Aloha and Walter carried on with their travels, making movies, selling various publications and getting into and out of all manner of scrapes. In China, captured by bandits, Aloha was only released when she taught them to set up and fire machine guns. She met Frank ("One-Arm") Sutton, the British soldier of fortune who ran the arsenal of the old warlord Marshall Chang Tso-Lin. In Hollywood, Aloha and Walter socialized with, among others, filmmaker and actor Douglas Fairbanks and his Canadian-born wife and fellow film legend Mary Pickford (Gladys Smith), who along with D.W. Griffith and Charlie Chaplin founded United Artists. Walter was nonetheless something of a nuisance to local authorities with his habit of impersonating military officers and his history of upsetting missionaries through his alleged communist subversive activities during the couple's travels. There were also accusations of fraud and perjury, not to mention Walter's constant misadventures involving other women.

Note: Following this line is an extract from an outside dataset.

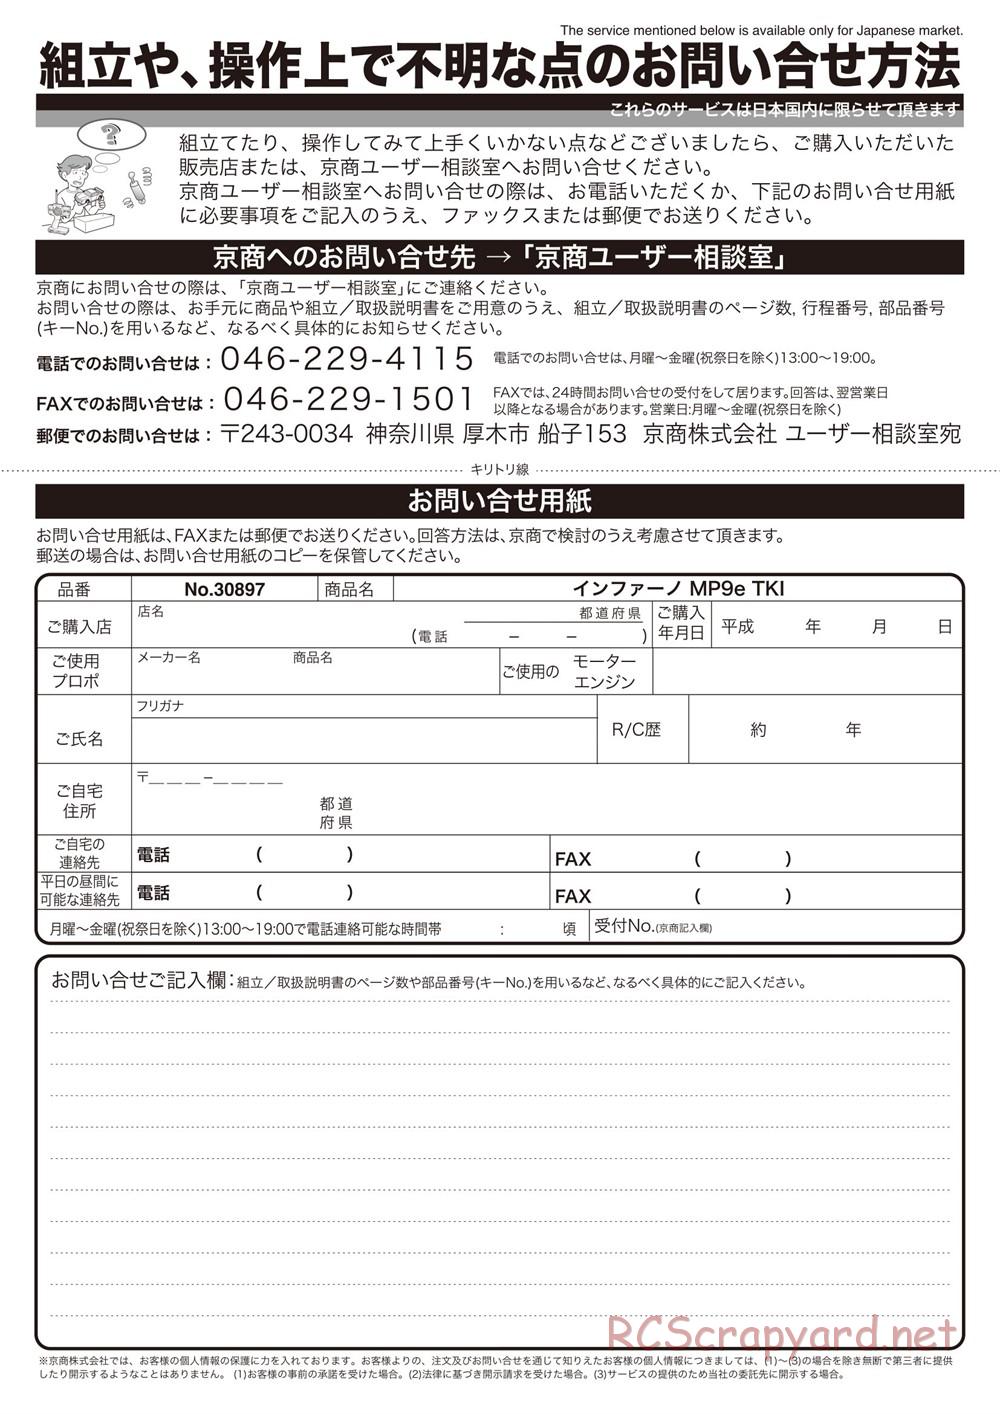 Kyosho - Inferno MP9e TKI - Manual - Page 50

In 1932 Walter acquired a questionably seaworthy decommissioned rum runner, the Carma, at auction in order that he and Aloha could take a group to the South Seas to make motion pictures. On the night of 5 Dec 1932, when the Carma lay at anchor in Long Beach Harbour being outfitted while Aloha made last-minute film deals up in Hollywood, someone crept into Walter's cabin and shot him in the back. Although two individuals were apprehended, no one was ever convicted of the crime. The suspects were Edward Eugene Fernando Montagu, remittance-man and second son of the Duke of Manchester, and William James ("Curly") Guy, a Welsh soldier of fortune who later flew for Haile Selassie against the Italians. Aloha was reported as being rather too friendly to Guy during the trial, given that he was her husband's accused murderer. Both men were under the close scrutiny of J. Edgar Hoover and his FBI investigators, and Guy was later deported.
Aloha carried on with various expeditions following Walter's death, learned to fly a float plane and participated in the search for the lost Percy Fawcett Expedition in Brazil, but never found the intrepid Fawcett nor his two companions. Her plane went down in the jungle near the Rio des Mortes, the River of Death, and she lived with a native tribe for several months until a rescue operation could be mounted. On 26 Dec 1933 she married Walter Baker, a former cameraman with WAWEC, 8 years her junior, in a simple ceremony in Gretna, Louisiana, just across the Mississippi delta from New Orleans. On one further adventure, the Carma, assigned by the courts to her young daughter, Valerie, and with Aloha's sister, Margaret aboard, went aground in Mexico and was abandoned.
Aloha carried on for a few years promoting hers and the late Walter's internationalist views, making several visits to Canada, and she and the second Walter settled in Cincinnati, where she took on various jobs in print and broadcast journalism.
Aloha and Walter finally moved to a gated community in California, where they both died. Upon her death, Aloha's ashes were buried at sea by the Neptune Society under the direction of her son, Nile.